18 Mart 2025 Salı

Yedi Ünlü Efsanevi Mekân

 

Yedi Ünlü Efsanevi Mekân

Atlantis’ten Thule’e, bu yedi efsanevi mekân yüzyıllardır insanların hayal gücünü cezbetmeye devam ediyor.



Kitaplarda okuduğumuz ya da kadim mitlerden işittiğimiz kimi düşsel mekânlar, fiziksel gerçeklikte yer almasalar da öylesine ünlüdürler ki, kolektif hayal gücünde çoğu zaman gerçek mekânlardan daha fazla yer alırlar. Bu mekânlar genelde duygu durumlarımızla bağlantılıdır ve arzularımızı, korkularımızı ya da özlemlerimizi temsil edebilirler. Onlarla ilgili hikâyelerse kimi zaman tahmin edilenden çok daha kuvvetli olabilir ve insanları, bu kurgusal şehirlerin ve krallıkların bir zamanlar gerçekten var olduğuna ikna edebilir. 
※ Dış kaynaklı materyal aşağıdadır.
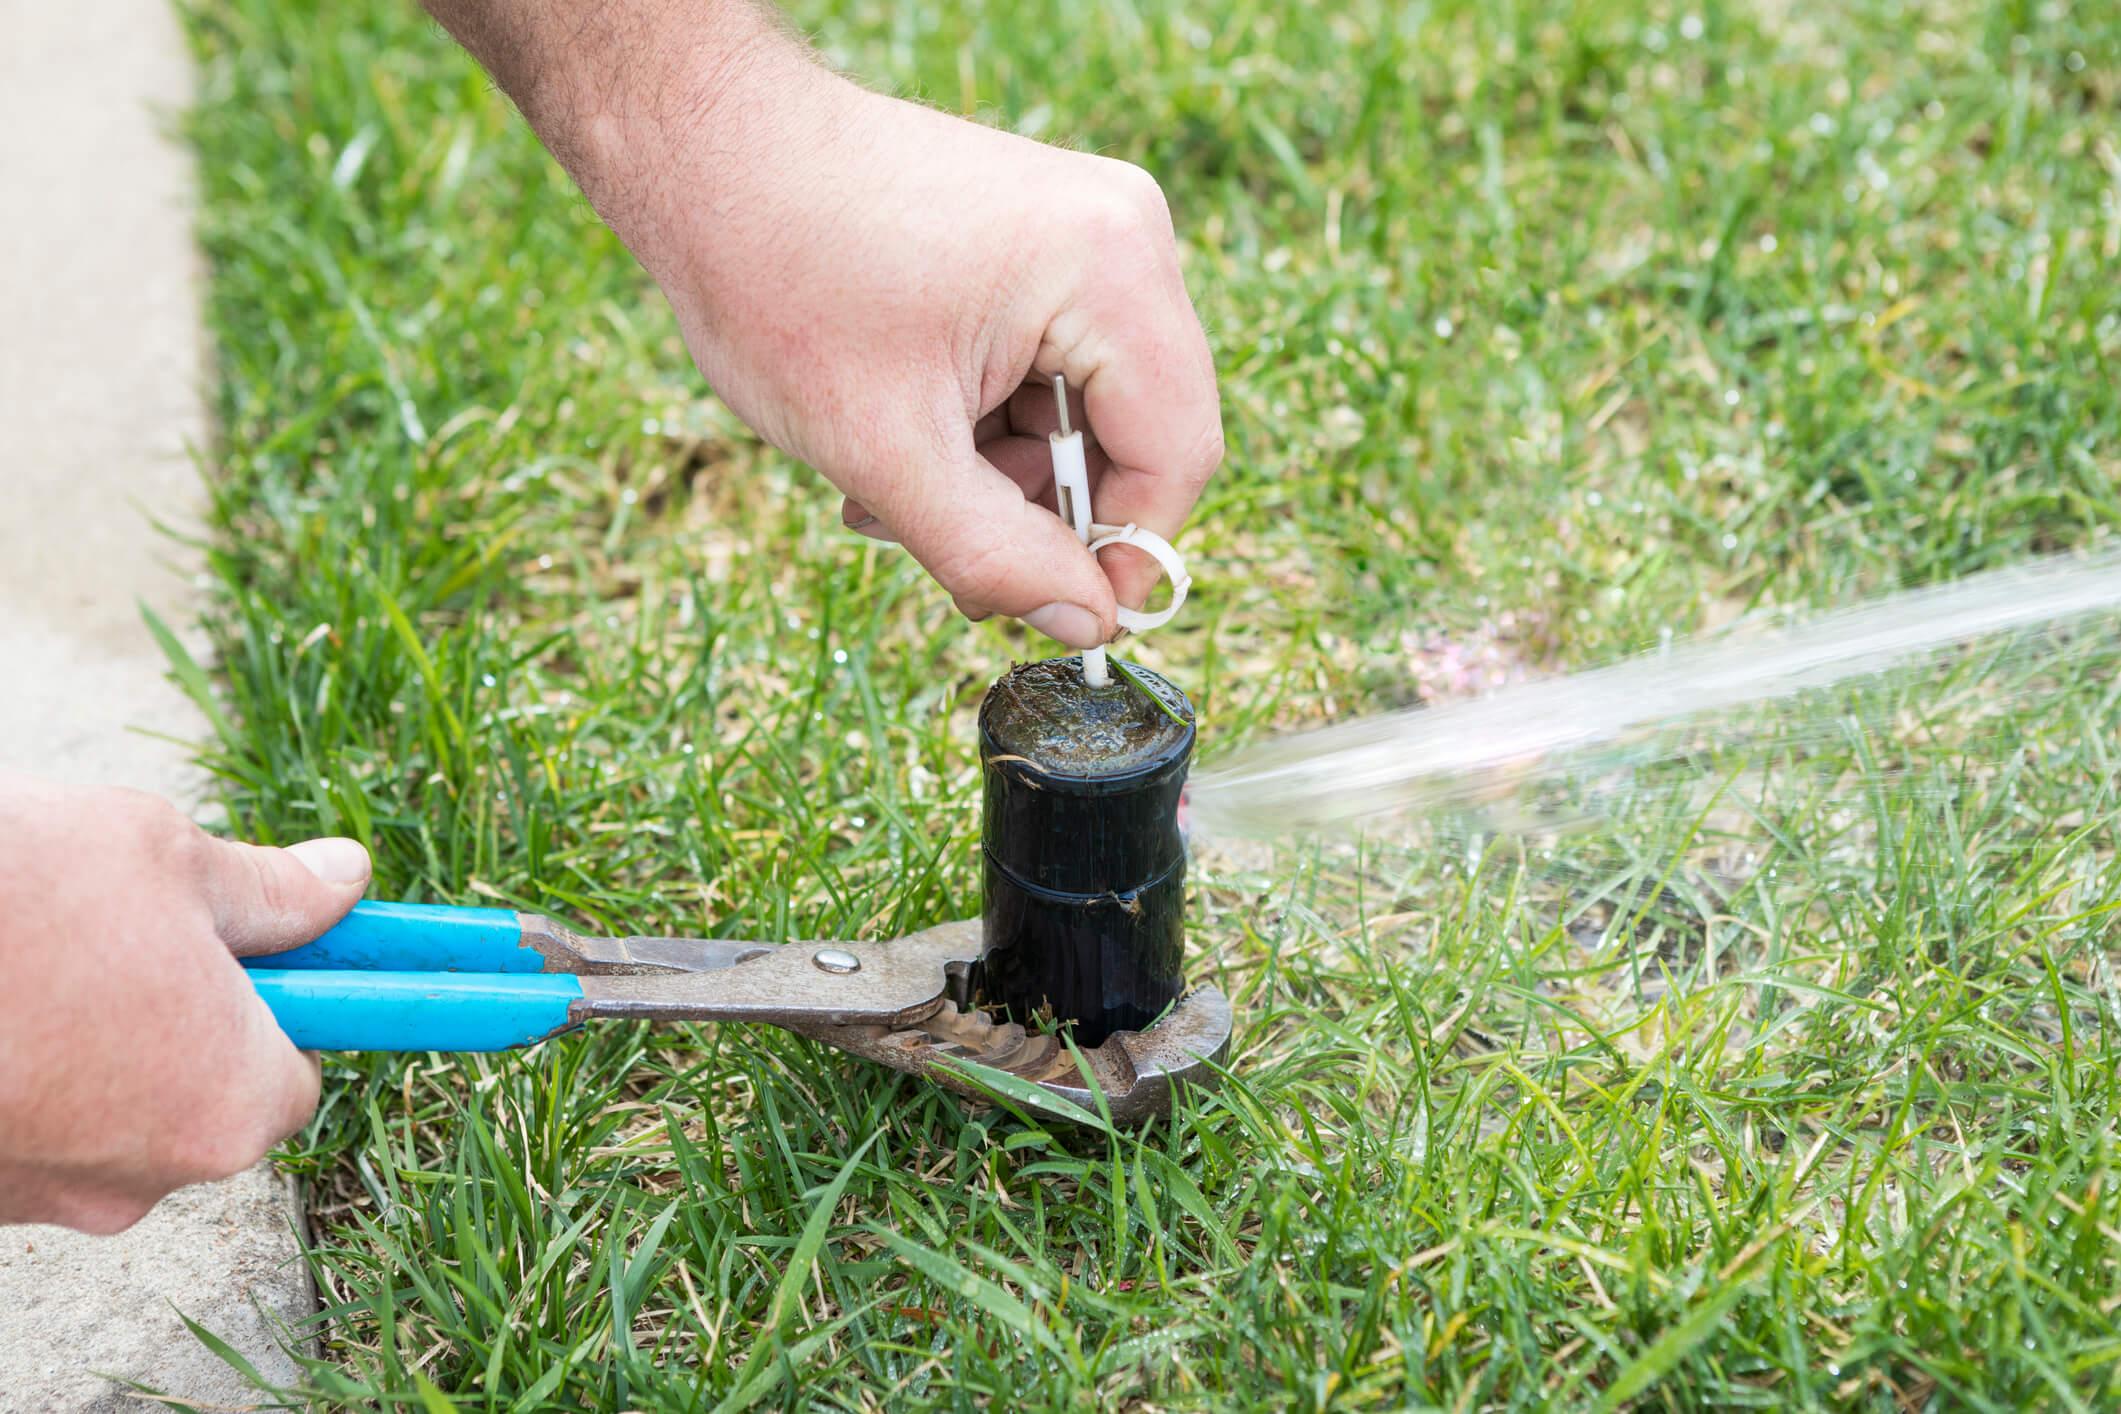 Common Summertime Sprinkler Repairs

Efsanevi mekânların, kentlerin ve zamanın kumlarına gömülmüş sırlarla örtülü cennetlerin hikâyeleri, tarih boyunca insanlığı etkisi altına aldı. Hangi kültüre dönüp baksanız bu yerlerden birini görebilirsiniz. Kimleri daha müreffeh ve huzur dolu zamanların alegorisi kimileriyse bulunup fethedilecek yeni bir dünya hayalinin temsili. Filozoflar kayıp şehirlerin hikâyelerini anlattı, kadim efsanelerse vakti zamanında insanın kendi altın çağını yaşadığı bu yerlerin tasvirini sundu. İşte içlerinden bazıları:

🔻Atlantis

Kökenleri tarihsel akışın içinde kaybolup giden pek çok efsanevi mekânın aksine Atlantis ile ilgili anlatıları ilk kimin dile getirdiğini biliyoruz: Platon kayıp kent Atlantis’in hikâyesini ilk kez M.Ö. 330 civarında, “Timaeus” ve “Critias” isimli iki diyalogunda aktardı. Bilimsel olarak Atlantis ile ilgili bir bulgu ya da tarihte var olduğunu gösteren bir kanıt yok. Görünen o ki Platon, Atlantis’i kendi anlatısında bir olay örgüsü aracı olarak kullandı.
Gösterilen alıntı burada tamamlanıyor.